_Directions_
Repeat every line of the listing below exactly, minus the pictures.

-- Given data follows --

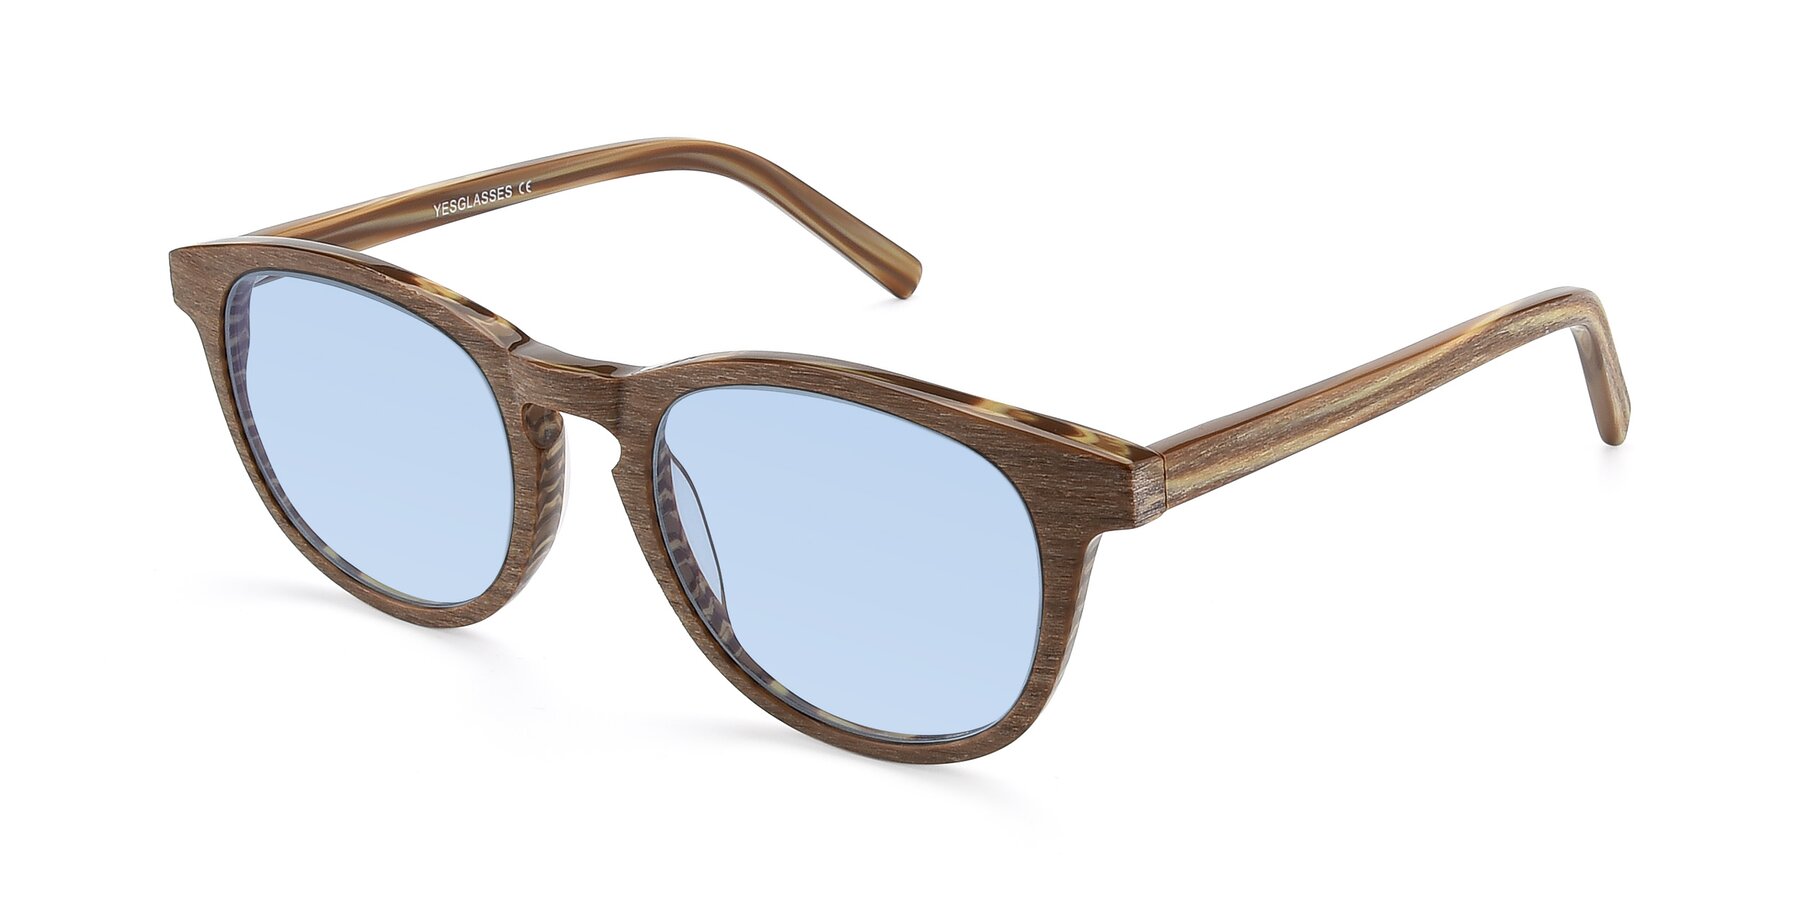 Angle of SR6044 in Brown-Wooden with Light Blue Tinted Lenses
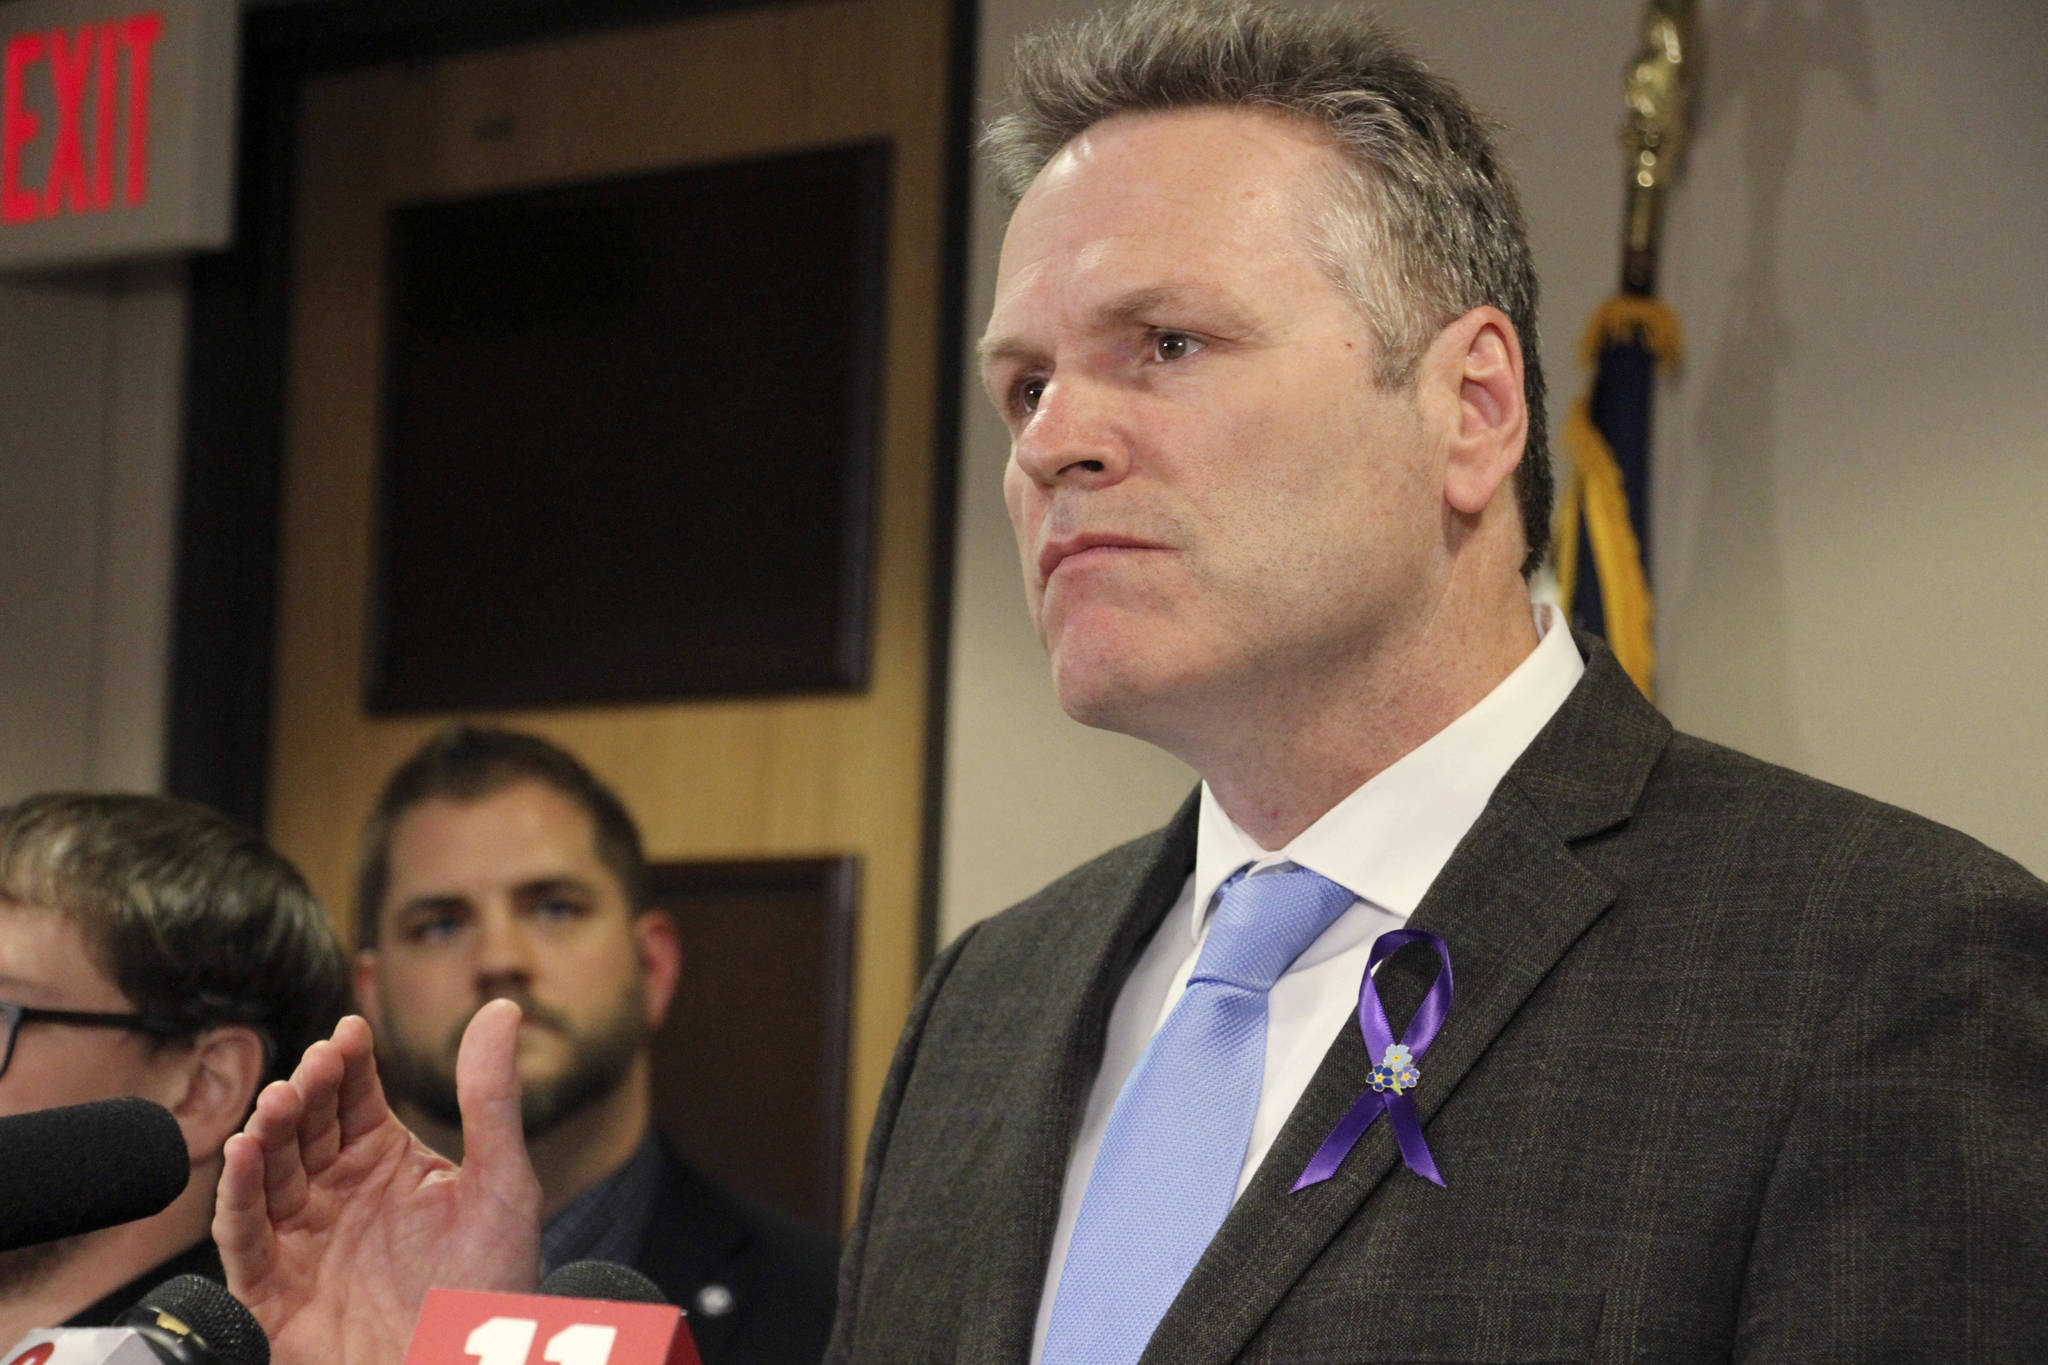 AP Photo / Mark Thiessen
Gov. Mike Dunleavy speaks during a news conference in Anchorage in March. Dunleavy faces criticism for his handling of COVID-19, from those who think he’s not doing enough to address rising case counts to those who think he’s been overreaching.

-- Given data concluded --

_Finished exercise_
 Angle of SR6044 in Brown-Wooden with Light Blue Tinted Lenses
 AP Photo / Mark Thiessen
Gov. Mike Dunleavy speaks during a news conference in Anchorage in March. Dunleavy faces criticism for his handling of COVID-19, from those who think he’s not doing enough to address rising case counts to those who think he’s been overreaching.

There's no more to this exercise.